Let us consider for a moment the total misapprehension of conditions in the islands under which Mr. McKinley drafted and signed that famous document--a misapprehension due to General Otis's curious blindness to the great vital fact of the situation, viz., that the Filipinos were bent on independence from the first, and preparing to fight for it to the last. Take the following Otis utterance, for example, concerning a date when practically everybody in the Eighth Army Corps, and every newspaper correspondent in the Philippines, recognized that war would be certain in the event the Paris Peace negotiations should result, as common rumor then said they would result, in our taking over the islands:
My own confidence at this time in a satisfactory solution of the difficulties which confronted us may be gathered from a despatch sent to Washington on December 7th, wherein I stated that conditions were improving, and that there were signs of revolutionary disintegration. [149]
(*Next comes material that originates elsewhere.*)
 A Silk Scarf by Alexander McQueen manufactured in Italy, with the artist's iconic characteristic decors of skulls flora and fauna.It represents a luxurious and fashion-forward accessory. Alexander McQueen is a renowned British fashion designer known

There can be no doubt that, at the date of that despatch, General Otis had been given to understand that under the Treaty of Paris we were going to keep the islands if the treaty should be ratified, and also that the if might give the Administration trouble, should trouble arise with the Filipinos before the if was disposed of at home. As heretofore intimated, in addition to his preference for legal and administrative work to the work of his profession, in the Philippines General Otis constituted himself from the beginning a political henchman. Ample evidence will be introduced later on to show beyond all doubt that all through the early difficulties, when the American people should have been frankly dealt with and given the facts, General Otis would, in the exercise of his military powers as press censor, always say to the war correspondents, "I will let nothing go that will hurt the Administration."
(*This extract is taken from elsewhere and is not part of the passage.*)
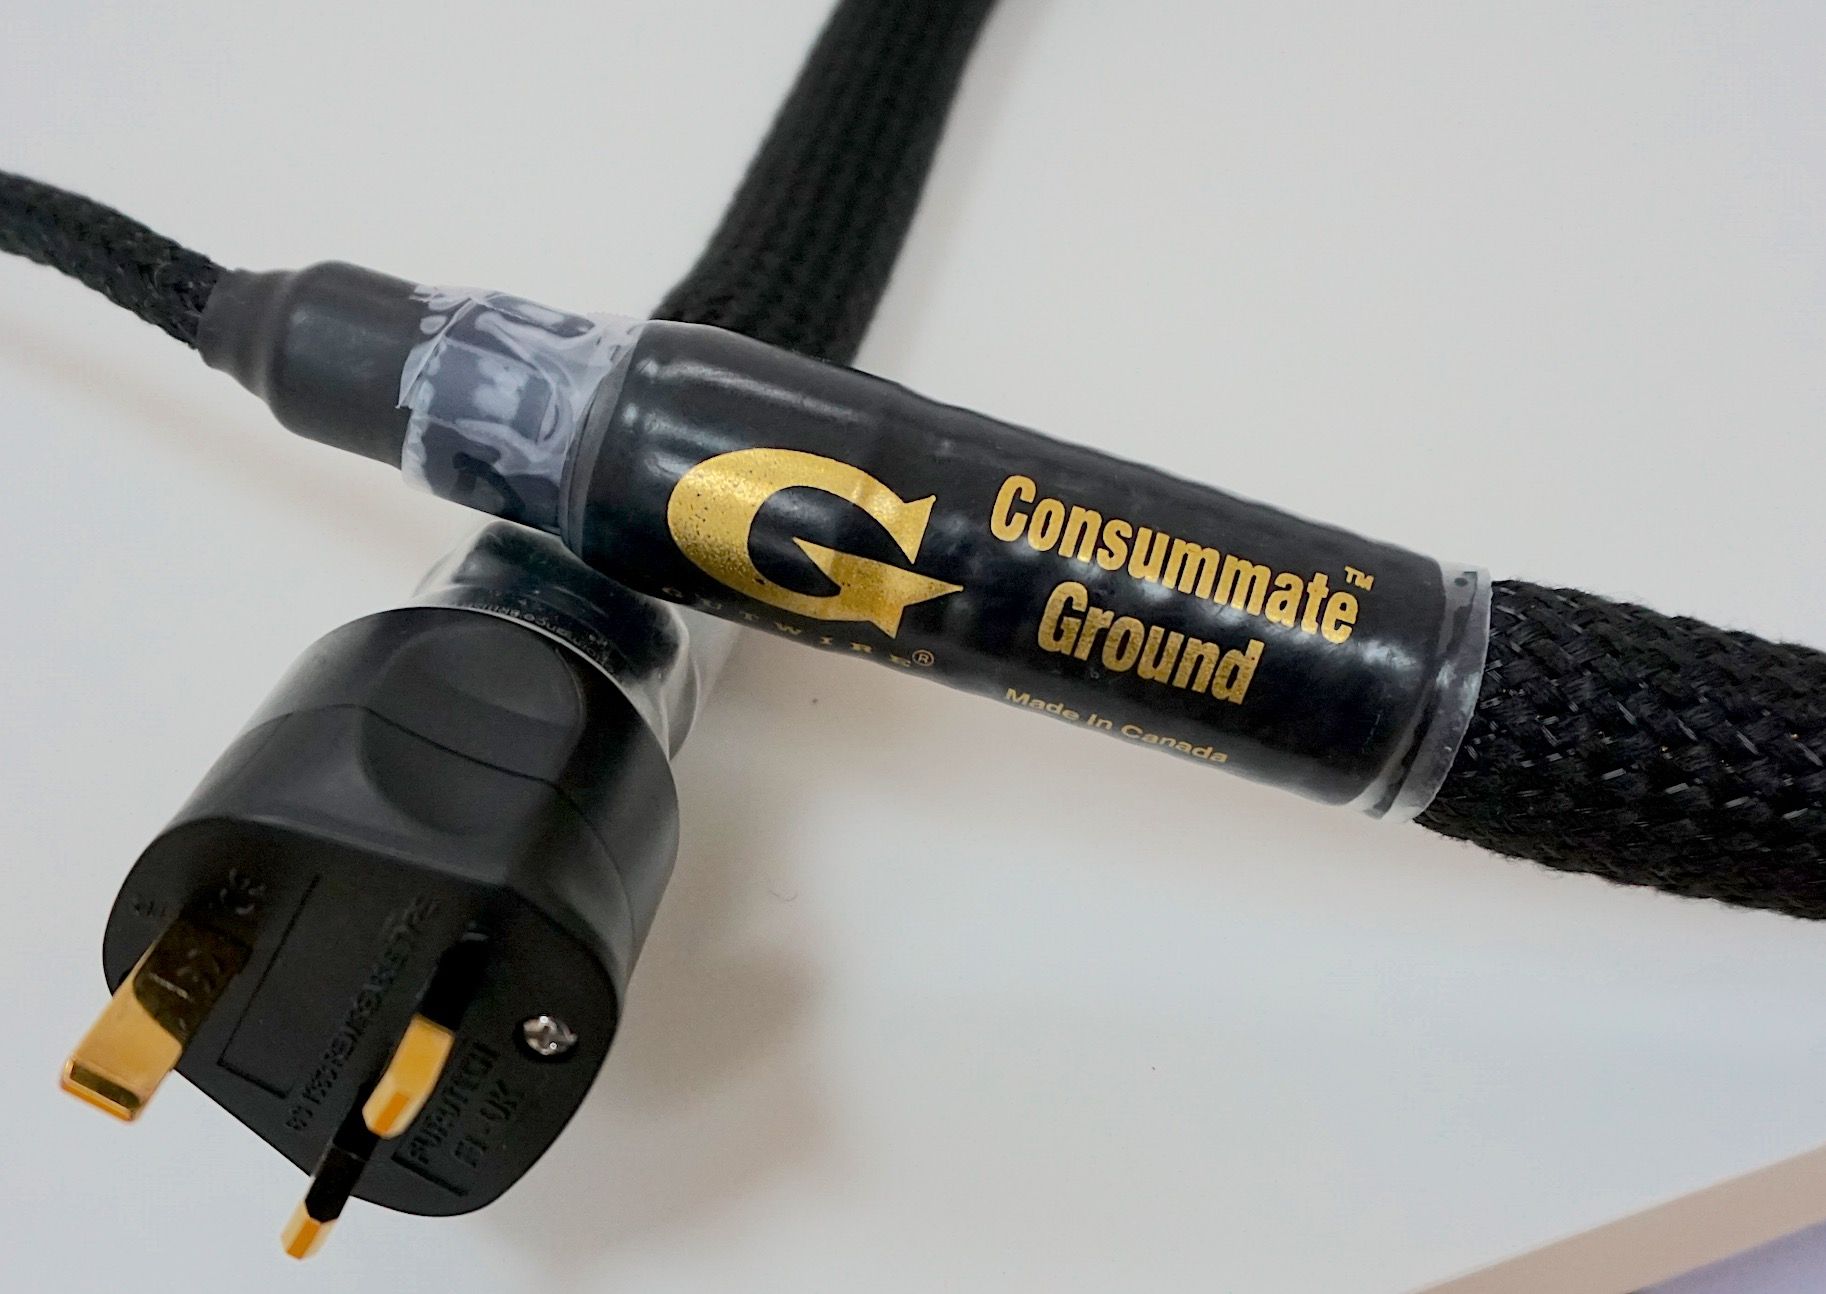 Consummate Ground cable from Gutwire

Let us see what the real facts of the Philippine situation were at the date of the Treaty of Paris, December 10th, or, which is the same thing, when General Otis sent his despatch of December 7th. When the Treaty of Paris was signed, General Otis was in possession of Manila and Cavite, with less than 20,000 men under his command, and Aguinaldo was in possession of practically all the rest of the archipelago, with between 35,000 and 40,000 men under his command, armed with guns, and the whole Filipino population were in sympathy with the army of their country. We have already seen the conditions in the various provinces at that time and also the inauguration of the native central government. Let us now examine the military figures.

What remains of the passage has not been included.